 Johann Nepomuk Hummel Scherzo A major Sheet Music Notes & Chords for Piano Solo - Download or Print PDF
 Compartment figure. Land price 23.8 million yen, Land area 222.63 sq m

==

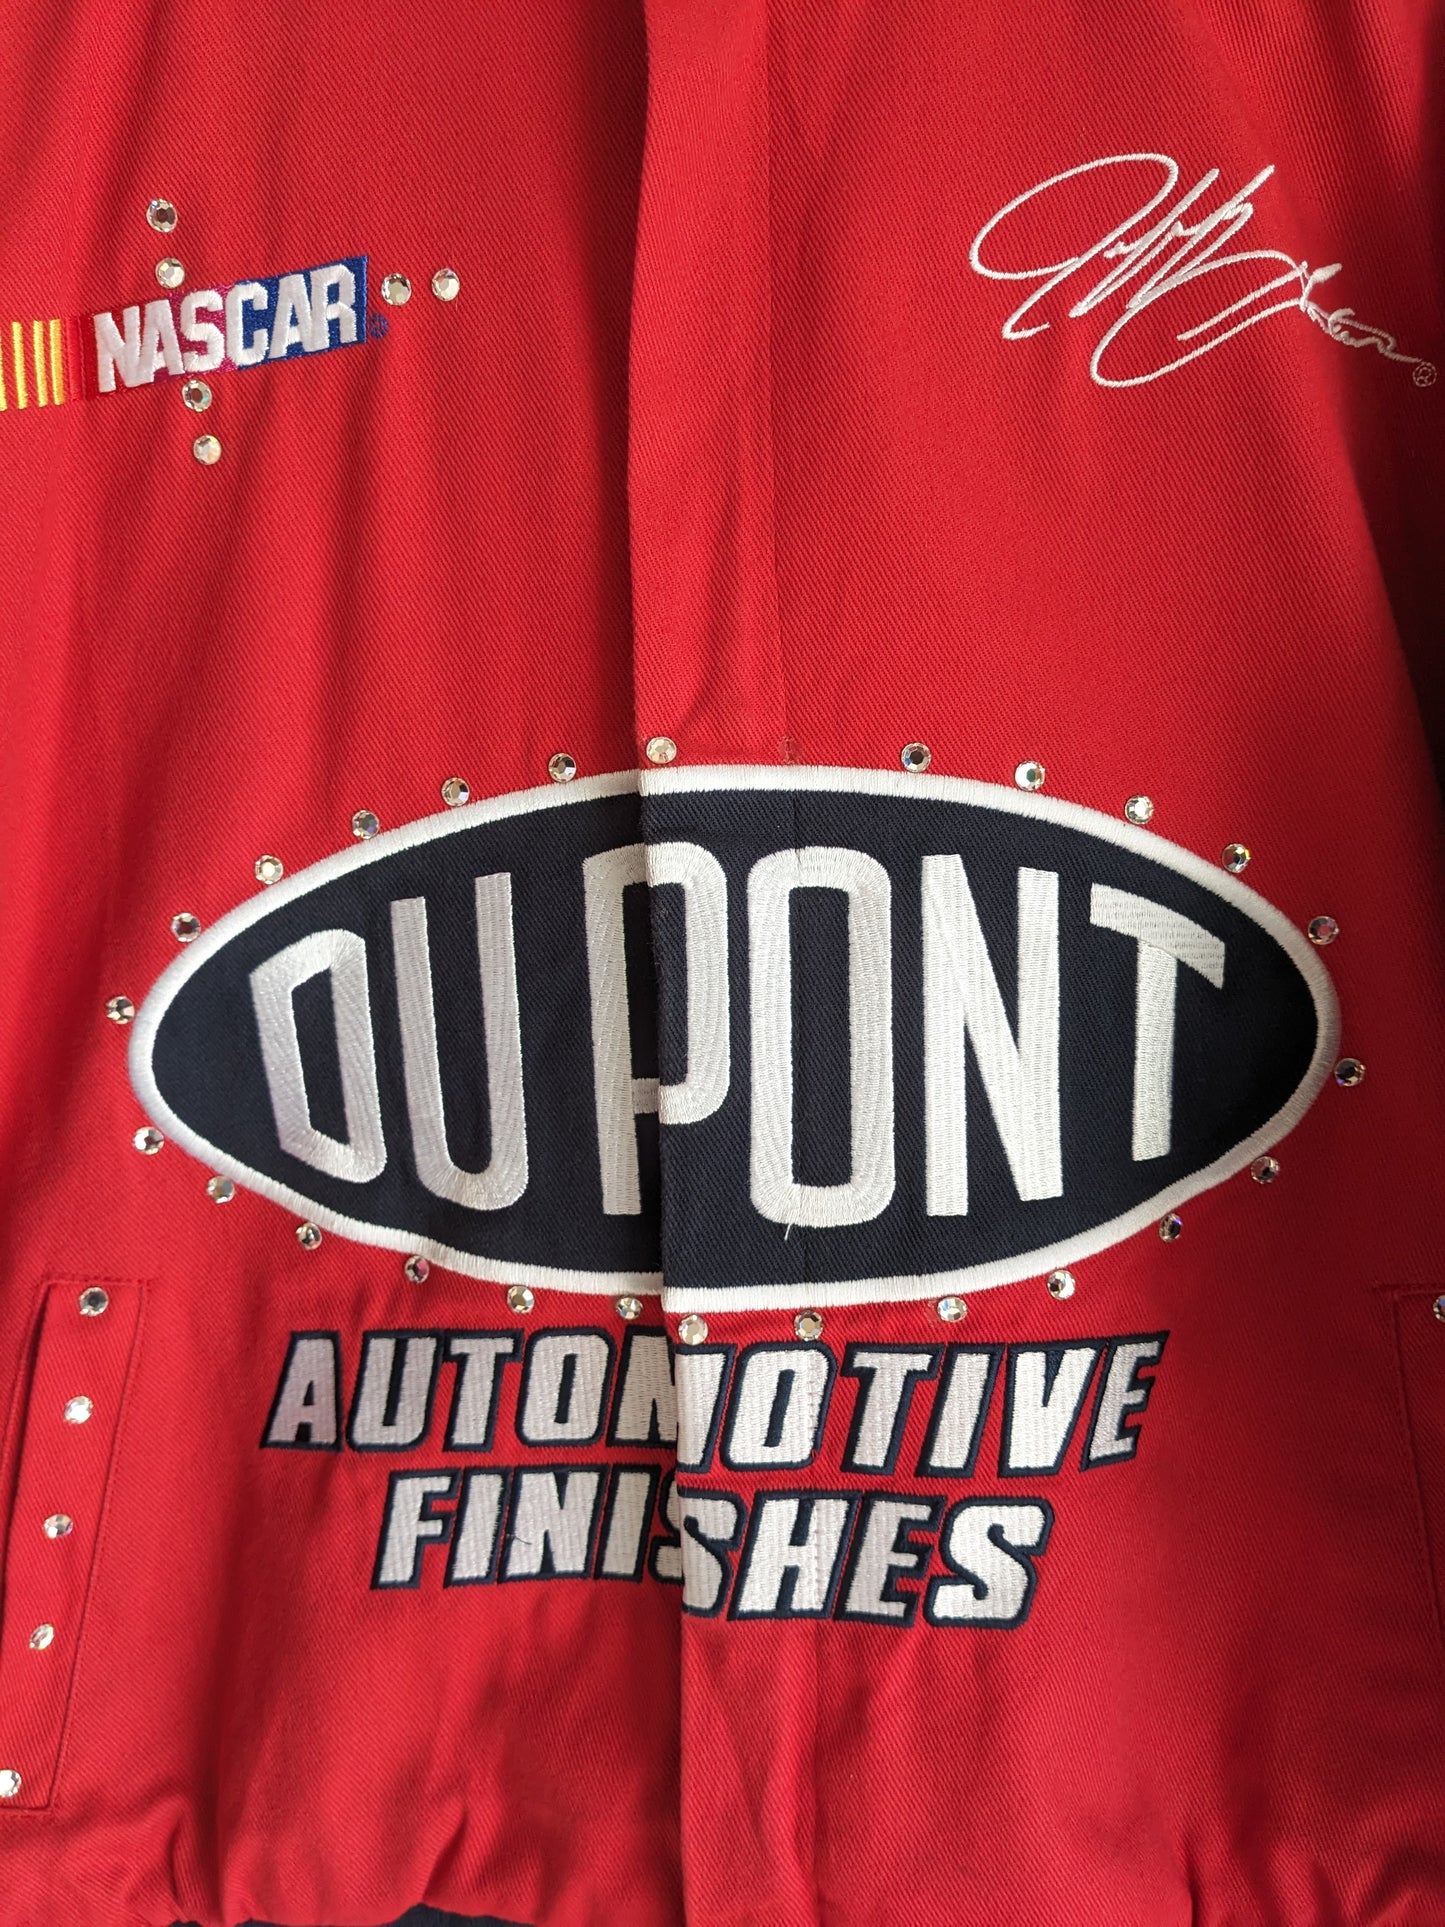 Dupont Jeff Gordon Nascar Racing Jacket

...

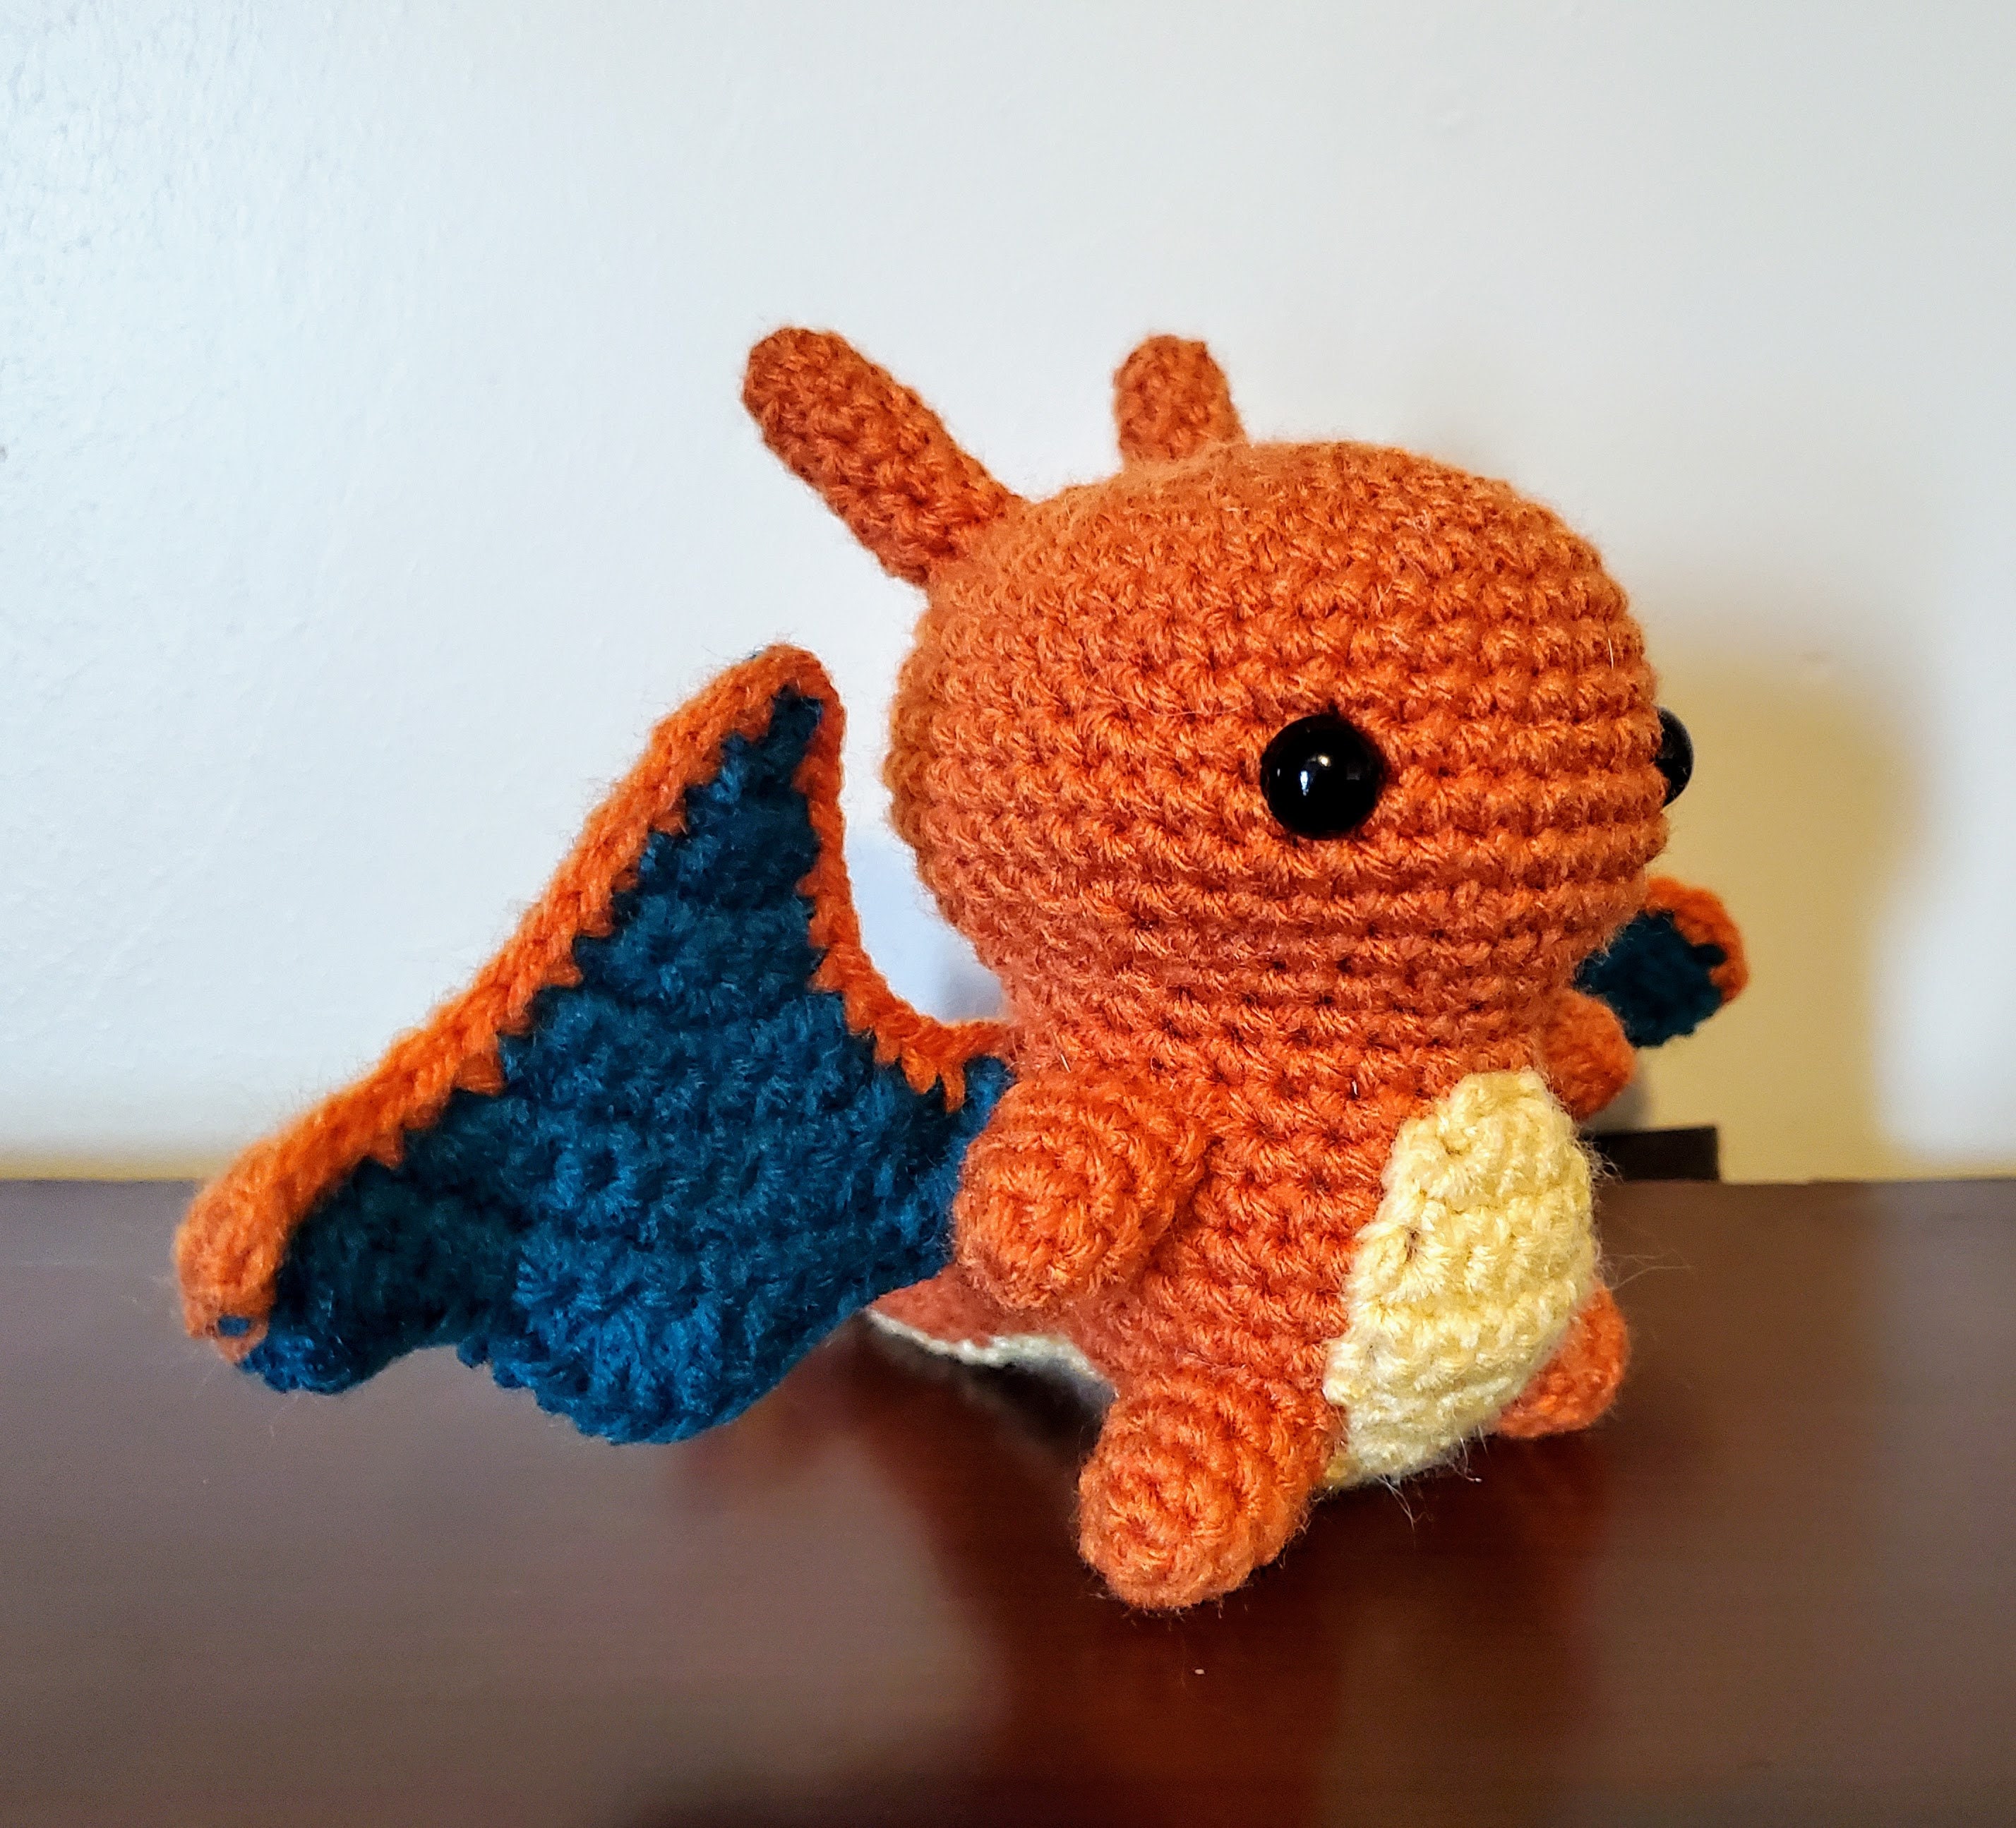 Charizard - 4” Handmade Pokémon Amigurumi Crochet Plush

Brief: Please transcribe exactly the lines above from the line that has "Johann Nepomuk Hummel" up to and including the line that has "Compartment figure. Land"; no other line belongs in the answer.

Response to the exercise:
 Johann Nepomuk Hummel Scherzo A major Sheet Music Notes & Chords for Piano Solo - Download or Print PDF
 Compartment figure. Land price 23.8 million yen, Land area 222.63 sq m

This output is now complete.